### DATA FOR ANALYSIS
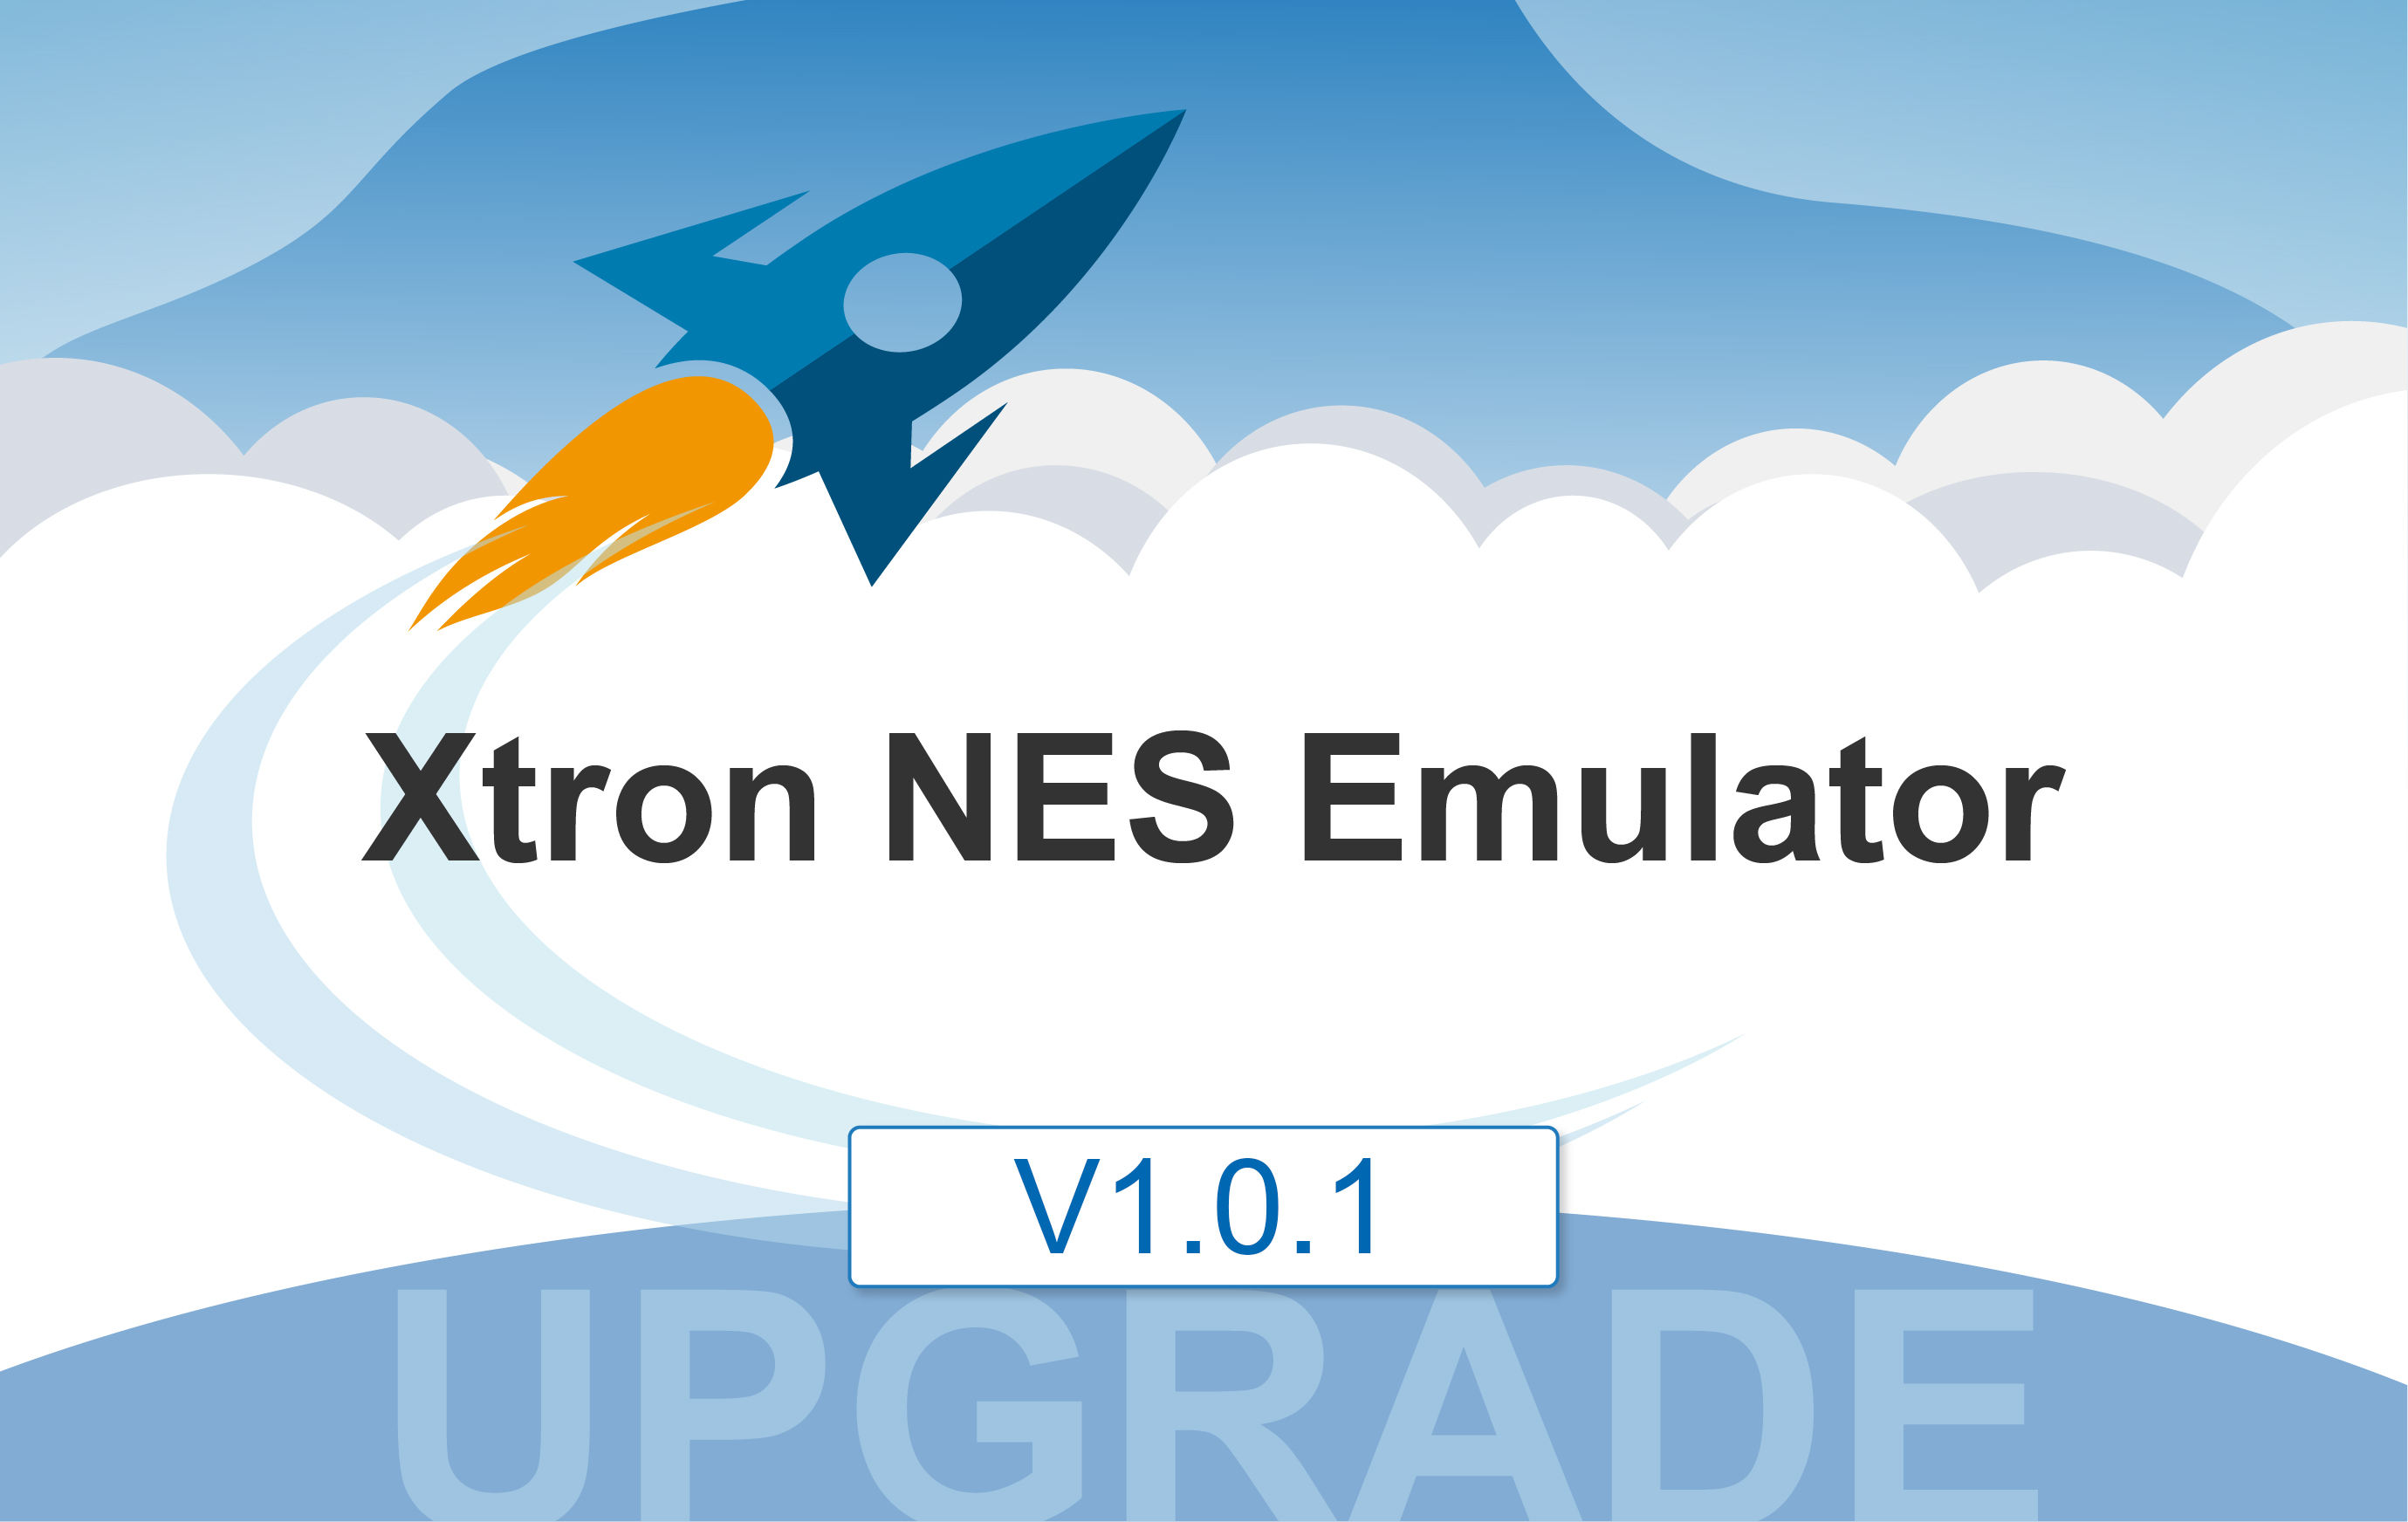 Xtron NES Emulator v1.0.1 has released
---
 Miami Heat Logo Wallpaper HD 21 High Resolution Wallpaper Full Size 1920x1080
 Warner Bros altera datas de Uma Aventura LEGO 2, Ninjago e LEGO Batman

### TASK TO CARRY OUT
In the listing above, find the line with "Miami Heat Logo" and the line with "Warner Bros altera". Output those two lines and every line between them, exactly as written.

### RESPONSE
 Miami Heat Logo Wallpaper HD 21 High Resolution Wallpaper Full Size 1920x1080
 Warner Bros altera datas de Uma Aventura LEGO 2, Ninjago e LEGO Batman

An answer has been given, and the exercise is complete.